Nothing but the lines below from the one that contains "Butternut Pilaf With" through the one that contains "GraphicRiver 6 Theme Wedding Card 2306594" should be retyped, exactly and including both ends. Do not include pictures.

DATASET CONTENT.
====================

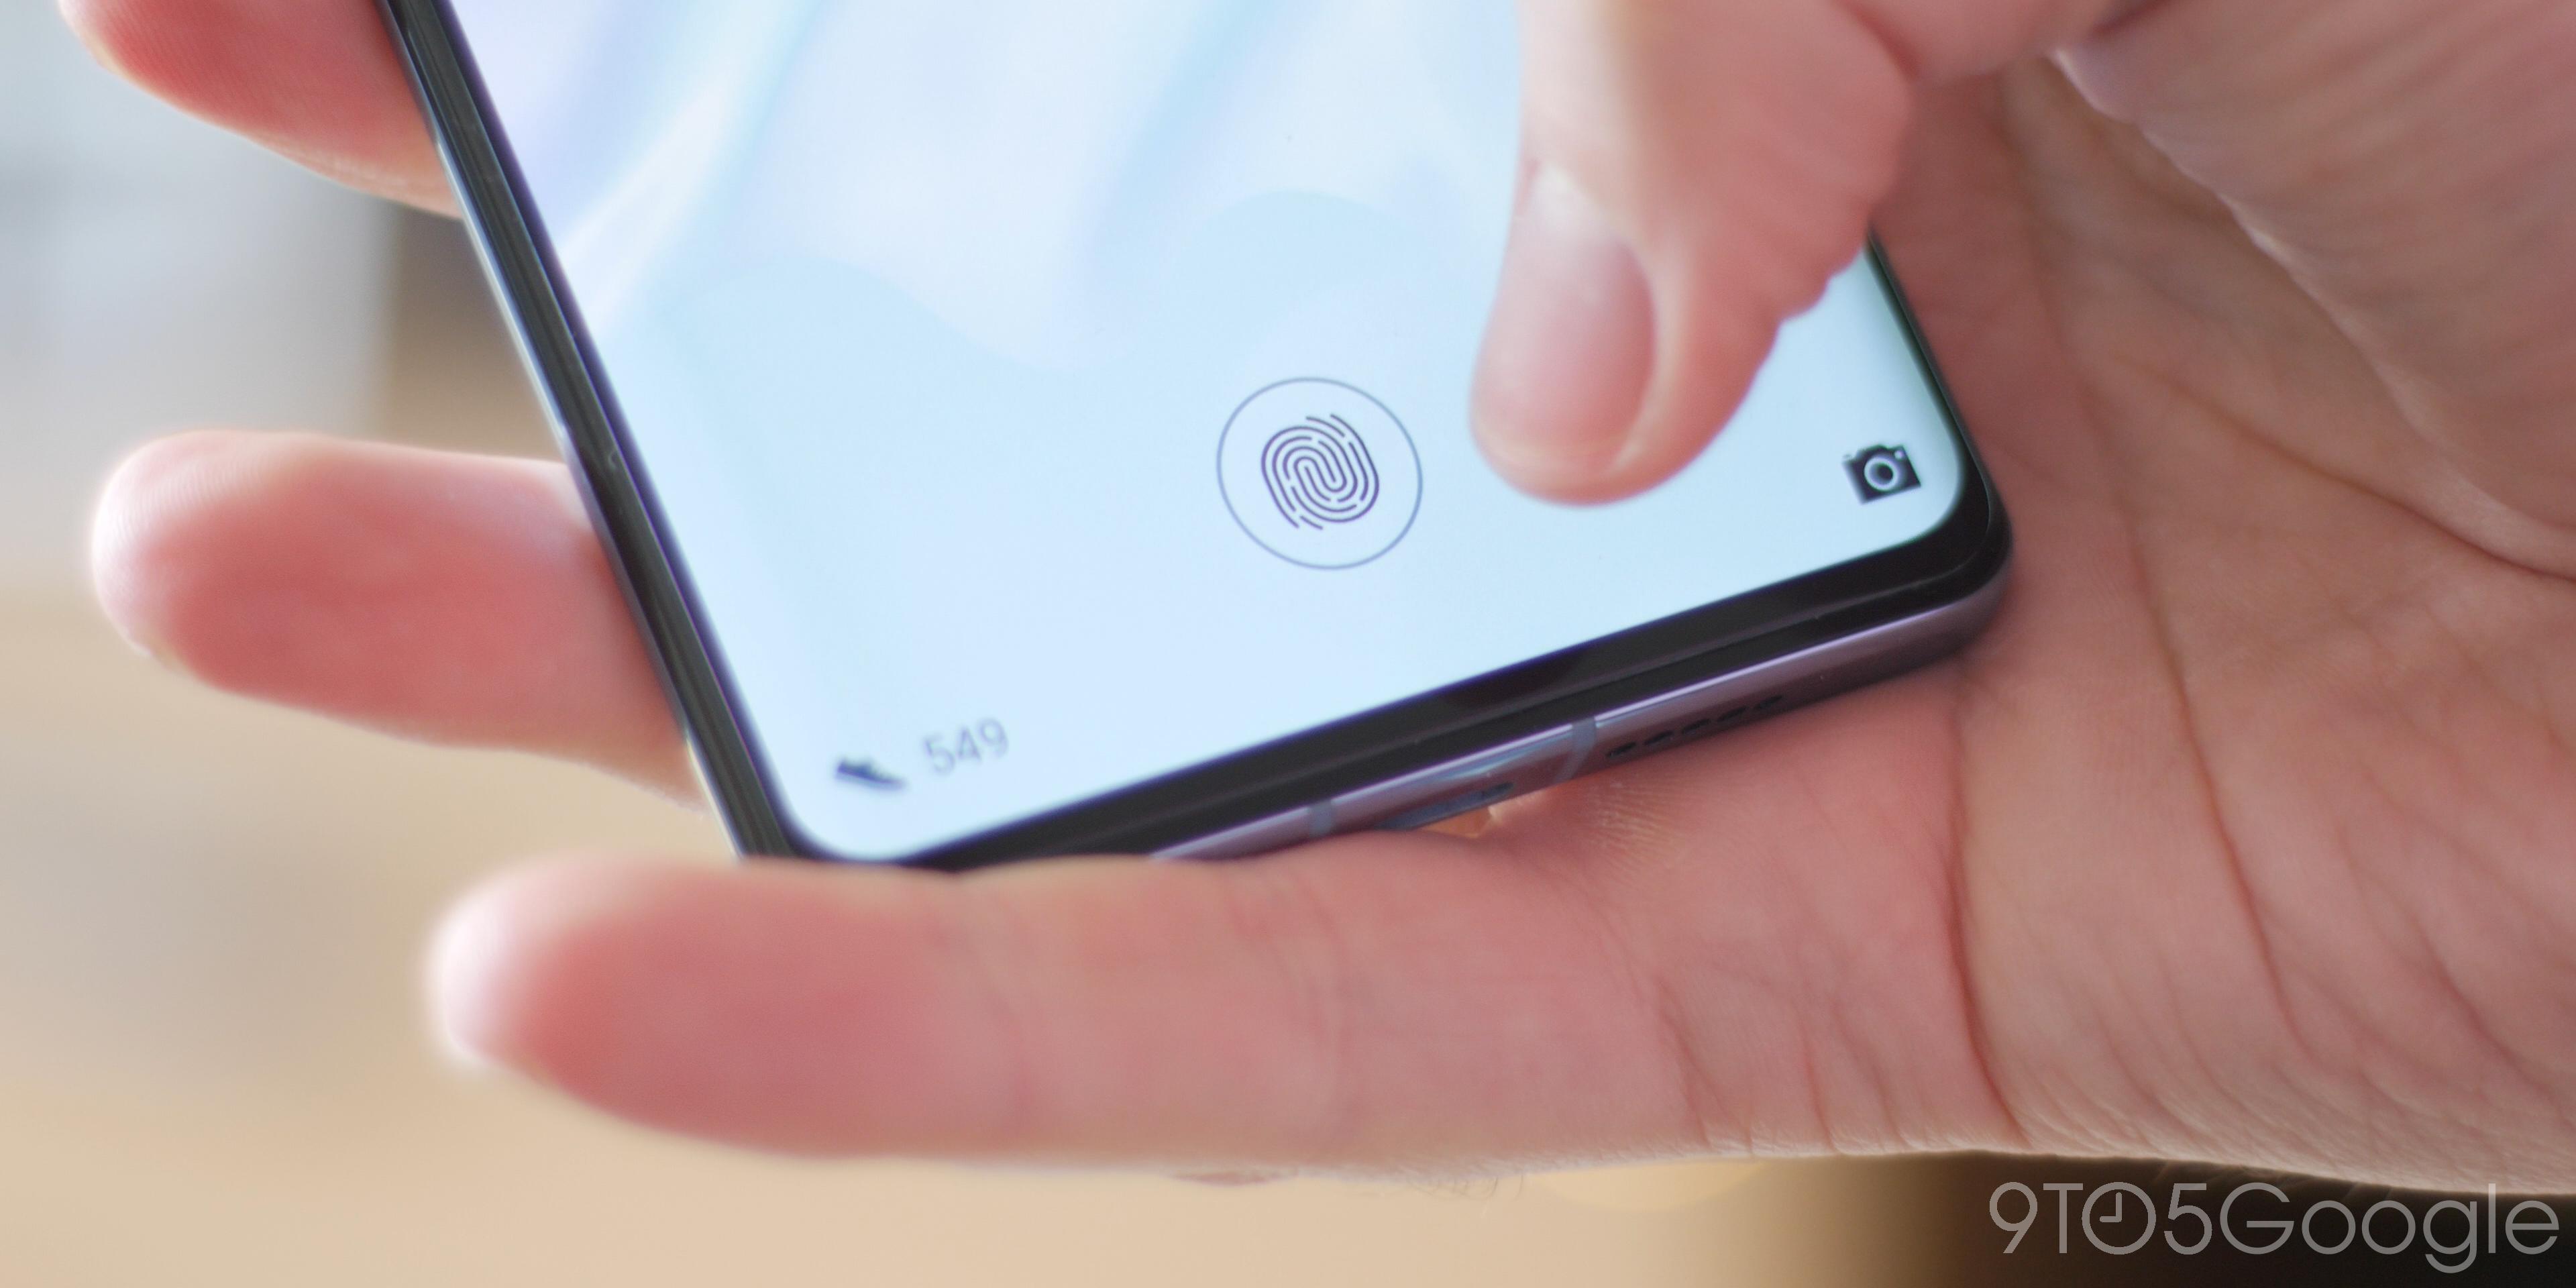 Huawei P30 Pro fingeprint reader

====================

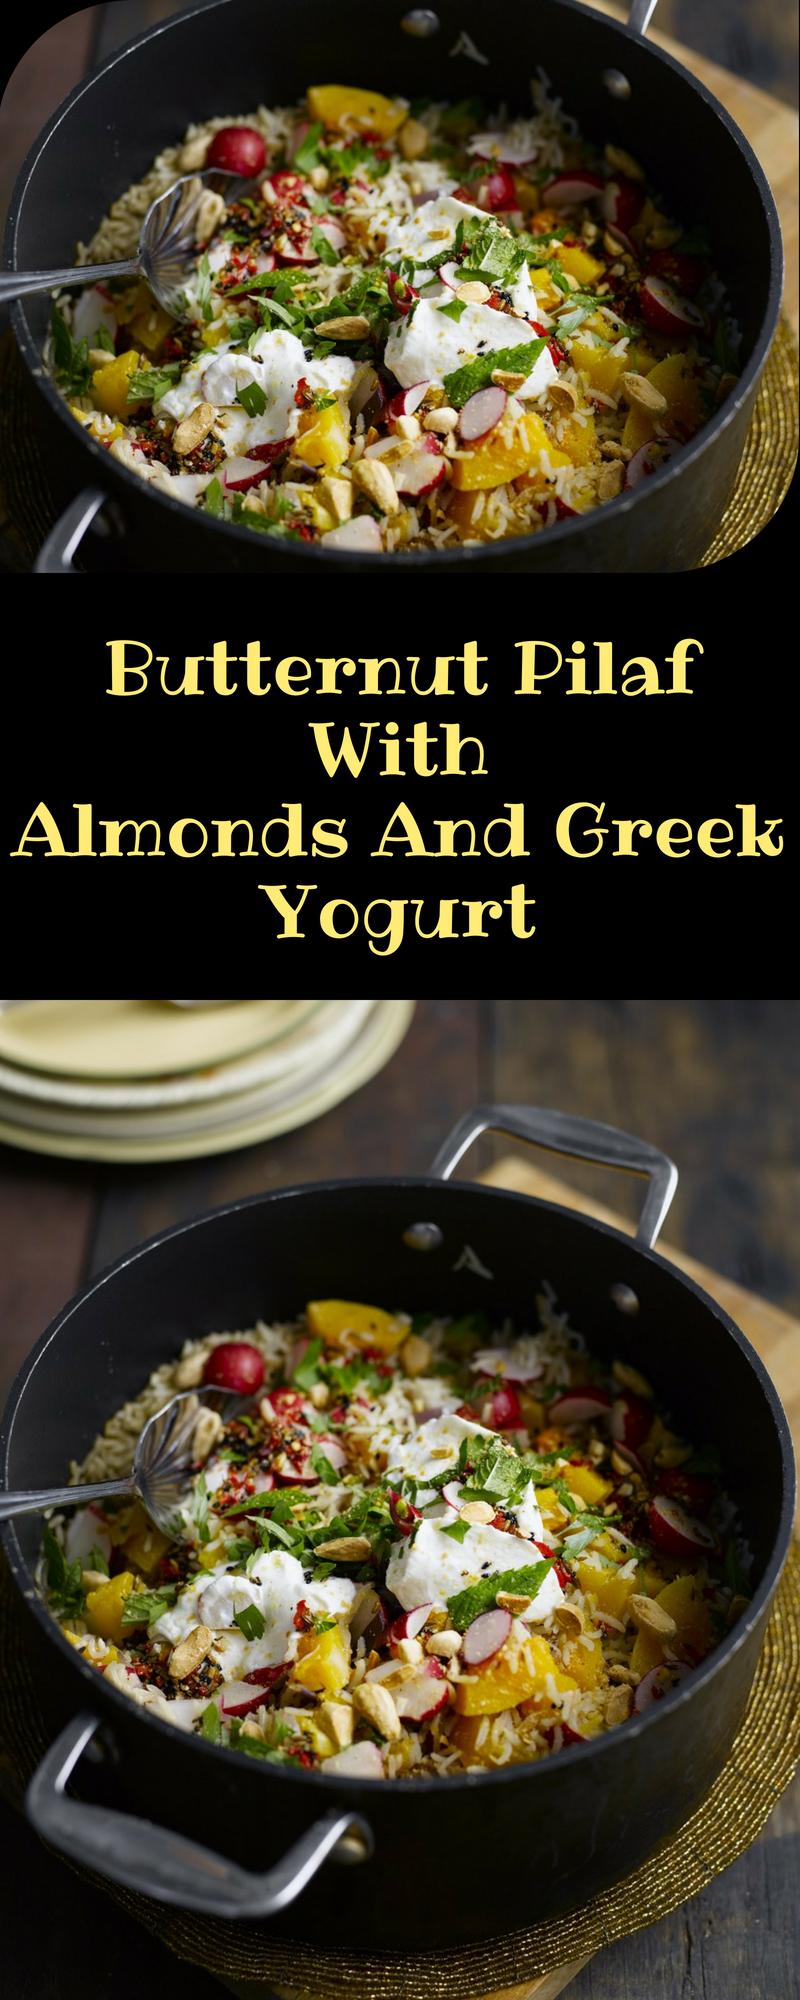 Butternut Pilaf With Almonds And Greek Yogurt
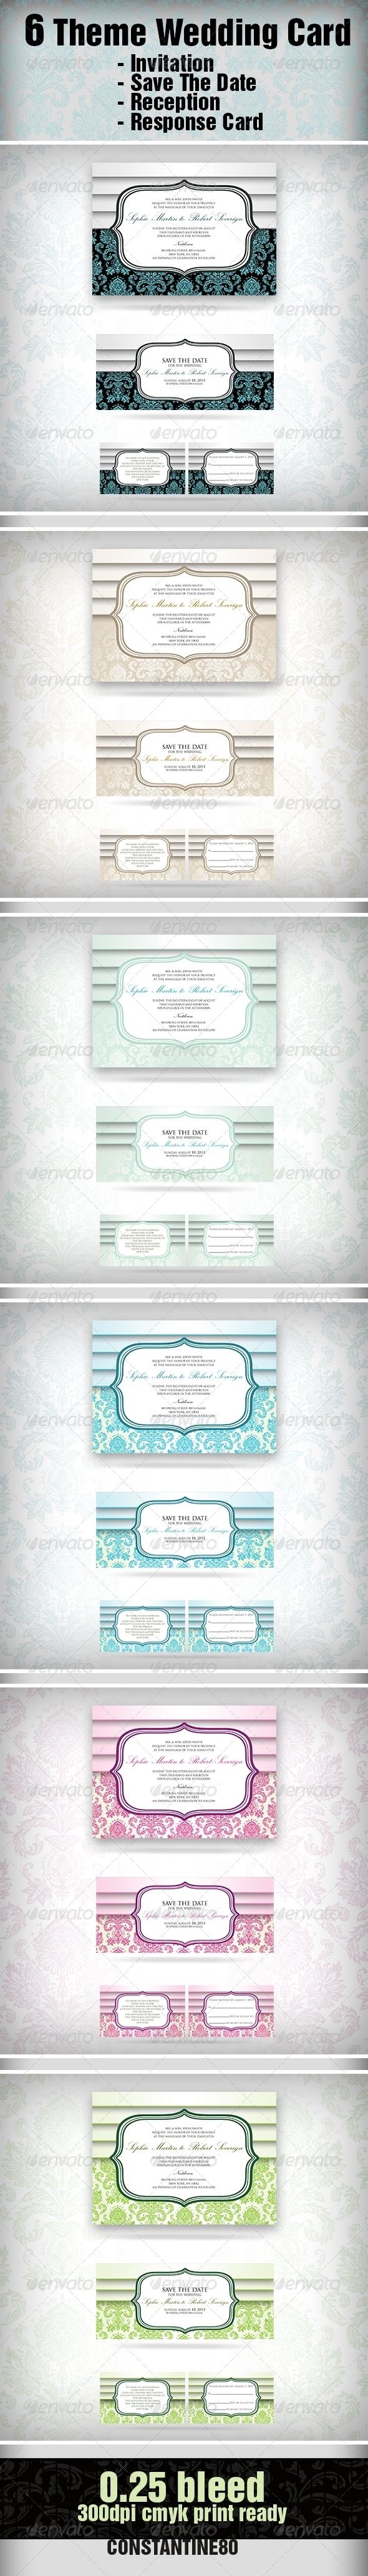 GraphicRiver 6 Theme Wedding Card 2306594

====================

ANSWER FOR THIS EXERCISE.
 Butternut Pilaf With Almonds And Greek Yogurt
 GraphicRiver 6 Theme Wedding Card 2306594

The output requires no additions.